Leave out the pictures and output exactly the lines below from the one with "Unbuttoned fly detail" down to the one with "Lady Gaga - Do", both of them included.

__Entries supplied__:
>>>>>

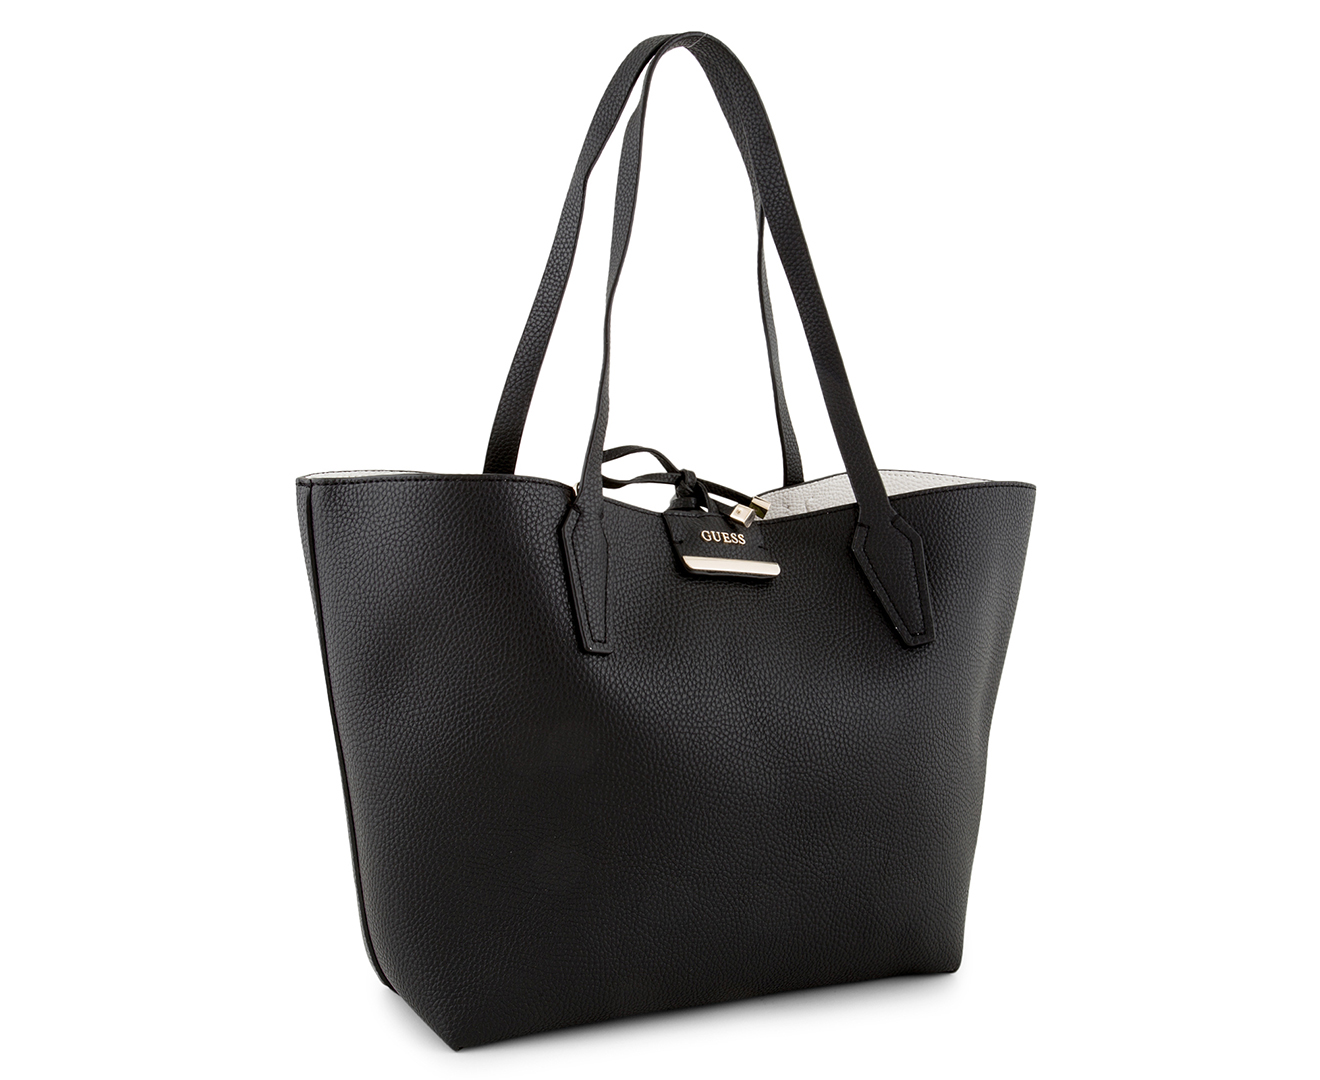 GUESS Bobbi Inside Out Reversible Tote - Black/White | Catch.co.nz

<<<<<
>>>>>

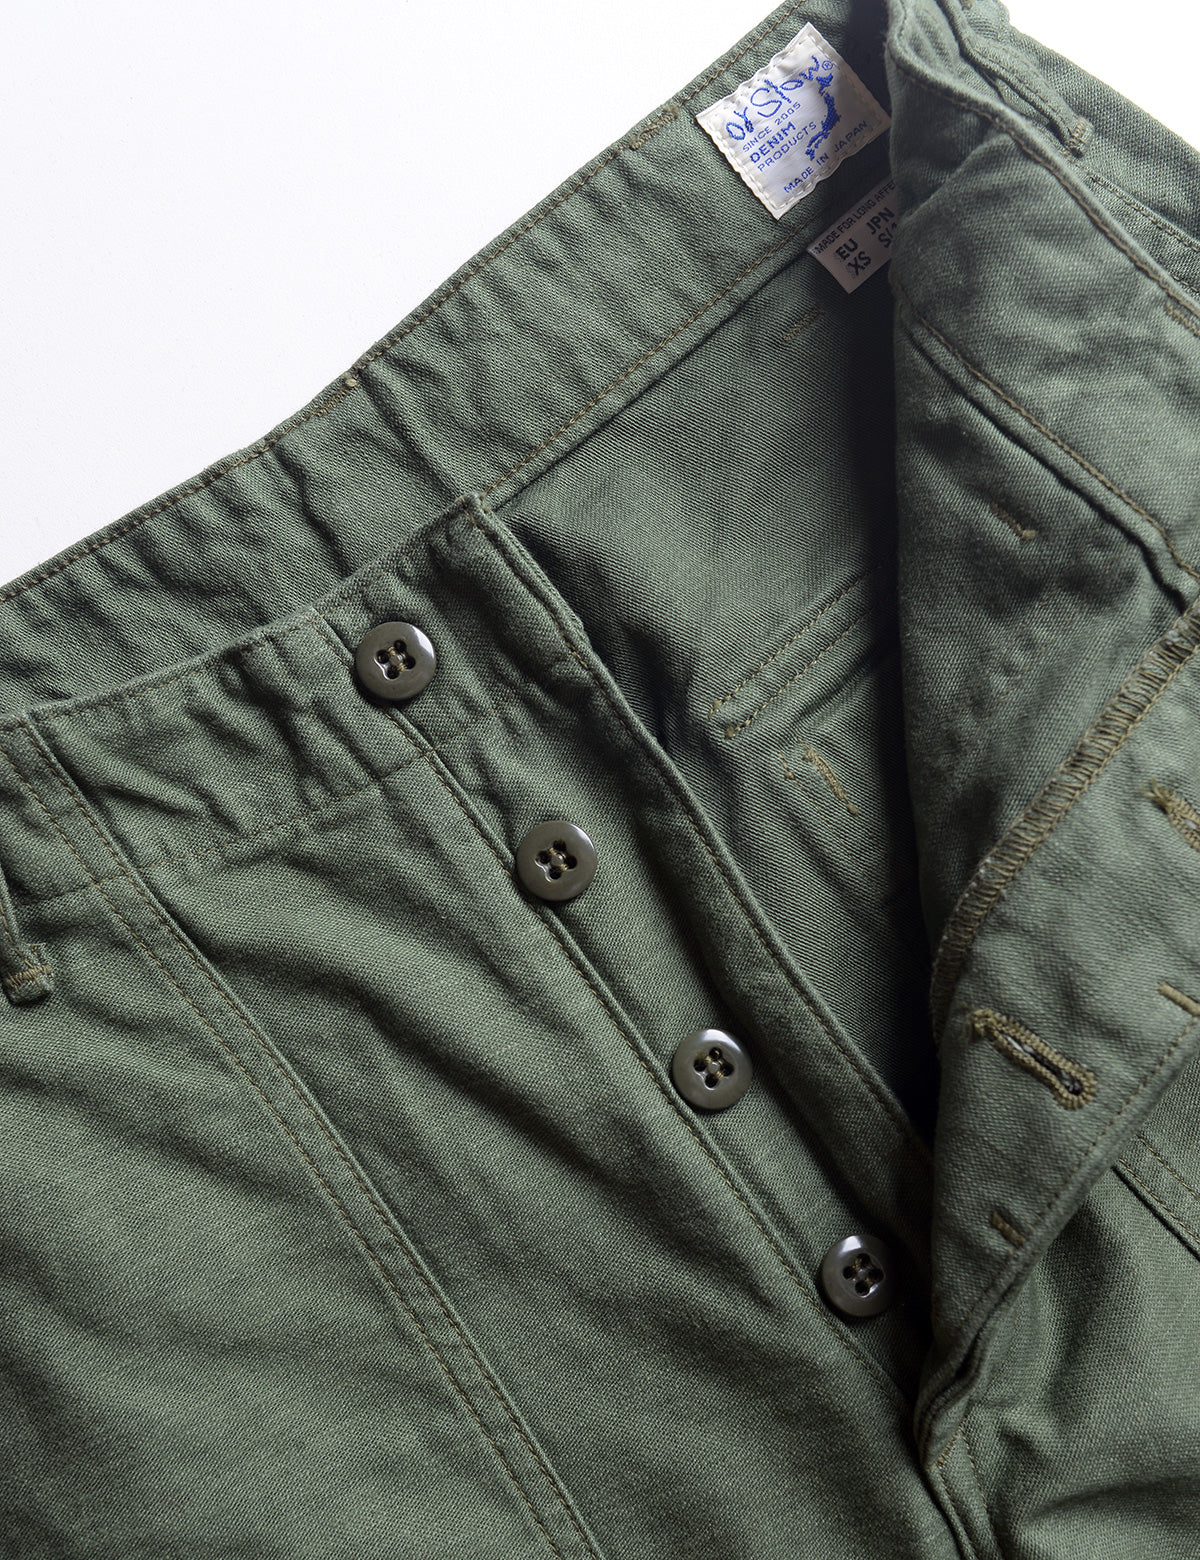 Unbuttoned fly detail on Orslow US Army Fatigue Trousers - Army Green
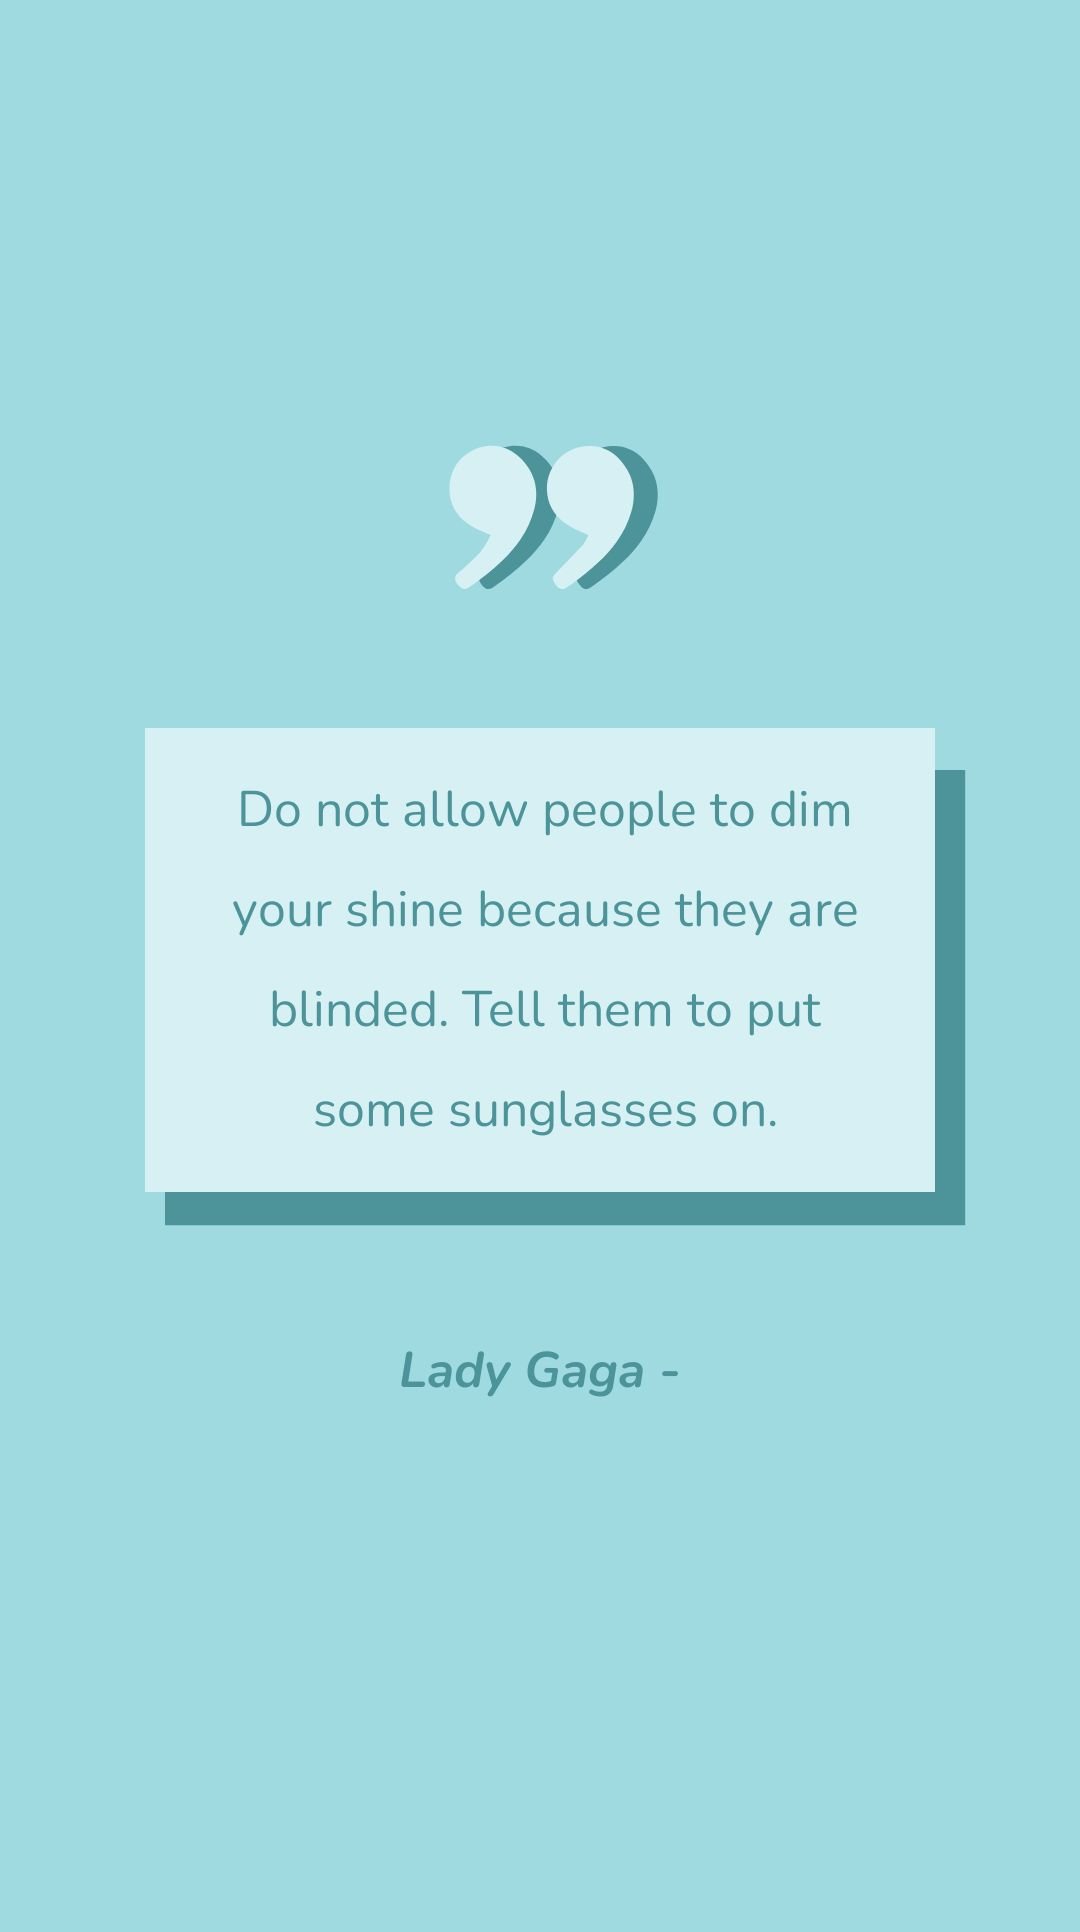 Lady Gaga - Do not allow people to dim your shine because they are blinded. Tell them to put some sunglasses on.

<<<<<

__Response box__:
 Unbuttoned fly detail on Orslow US Army Fatigue Trousers - Army Green
 Lady Gaga - Do not allow people to dim your shine because they are blinded. Tell them to put some sunglasses on.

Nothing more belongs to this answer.